MLTest has helped us improve our system, in particular by:
- Identifying problematic inputs and edge cases.
- Identifying efficient data collection strategies.
- Identifying the best training- and test-time augmentation strategies to increase robustness to real-world perturbations.
As a result, MLTest has effectively increased our development speed since it took care of many elements of stress testing, and helped us identify the corner cases with examples.
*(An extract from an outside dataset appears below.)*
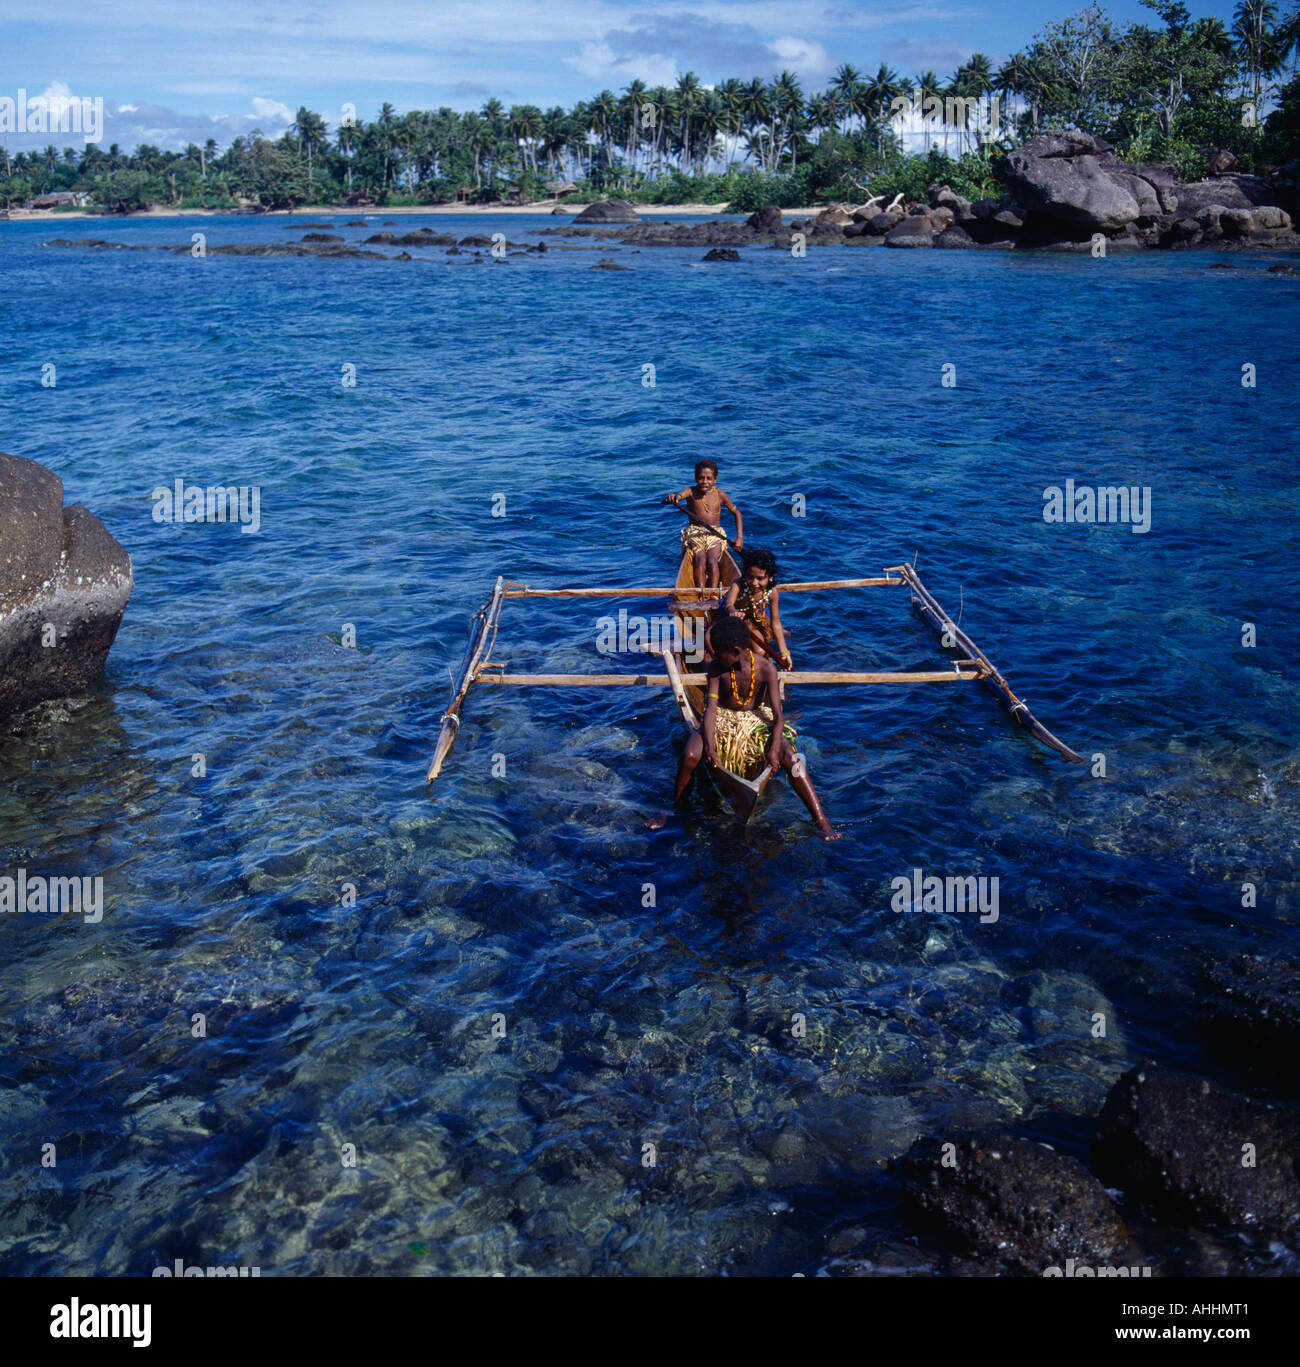 INDONESIA Asia Irian Jaya Sorong Children in outrigger canoe on clear blue water among rocks close to coconut tree lined shore. Stock Photo

In fact, our product iteration cycles (model training, testing, and deployment) got faster from 1–2 weeks to 1–2 days.
Thanks to the indicators we gathered from their dashboard, which ran locally on our premises, we were able to pick the right training-time and inference-time augmentations to improve our overall system.
Genuineness check
While our team worked relentlessly on a cycle of additional data collection, optimizing model performances, real life testing, robustness testing (through MLTest) and back to iterative optimization, we also found ourselves pitted against minors who are trying to pass off as adults and believe it or not, some adults trying to pass off as children. As such, we decided to add spoof detection as an integral part of an industry-grade age estimation/verification system.
We were also helped by our partners at IDIAP labs to test our systems against advanced spoofing attempts — including latex masks.
As a response, we have developed active and passive liveness checks, covering more than 95% of the spoof attempts.
Performance numbers
With iterative developments on age estimation models, we were able to bolster our system performance to the following levels:
- Robustness against random perturbations: MLTest helped us notice that a majority of our test scores would be impacted by perturbations that naturally occur in real-life usage. Thanks to MLTest’s indicators, we were able to put the appropriate measures and managed to minimize this impact down to 10% and are much better prepared for subsequent developments.
- Mean Age Error: In May 2022, ACCS, a UKAS accredited conformity assessment body, noted a mean age error of 1.33 in their tests, a 61% reduction of the margin of our error. As a result, FaceAssure is now a Challenge-25/EAL-2 certified age estimation technology.
- The system is also robust against biases on account of different skin tones and is therefore very well adapted to large-scale market deployment.
Future Outlook
Our technology has a wide variety of applications, from age gating to self-sovereign identity, to compliance automation and age-appropriate advertisement. Fueled by our successful certification, we’re already running pilot studies and large-scale deployments with our clients on these use cases. We will increase our focus on growing our developer community as well.
We’re looking forward to certifying VoiceAssure, our voice-based age estimation product!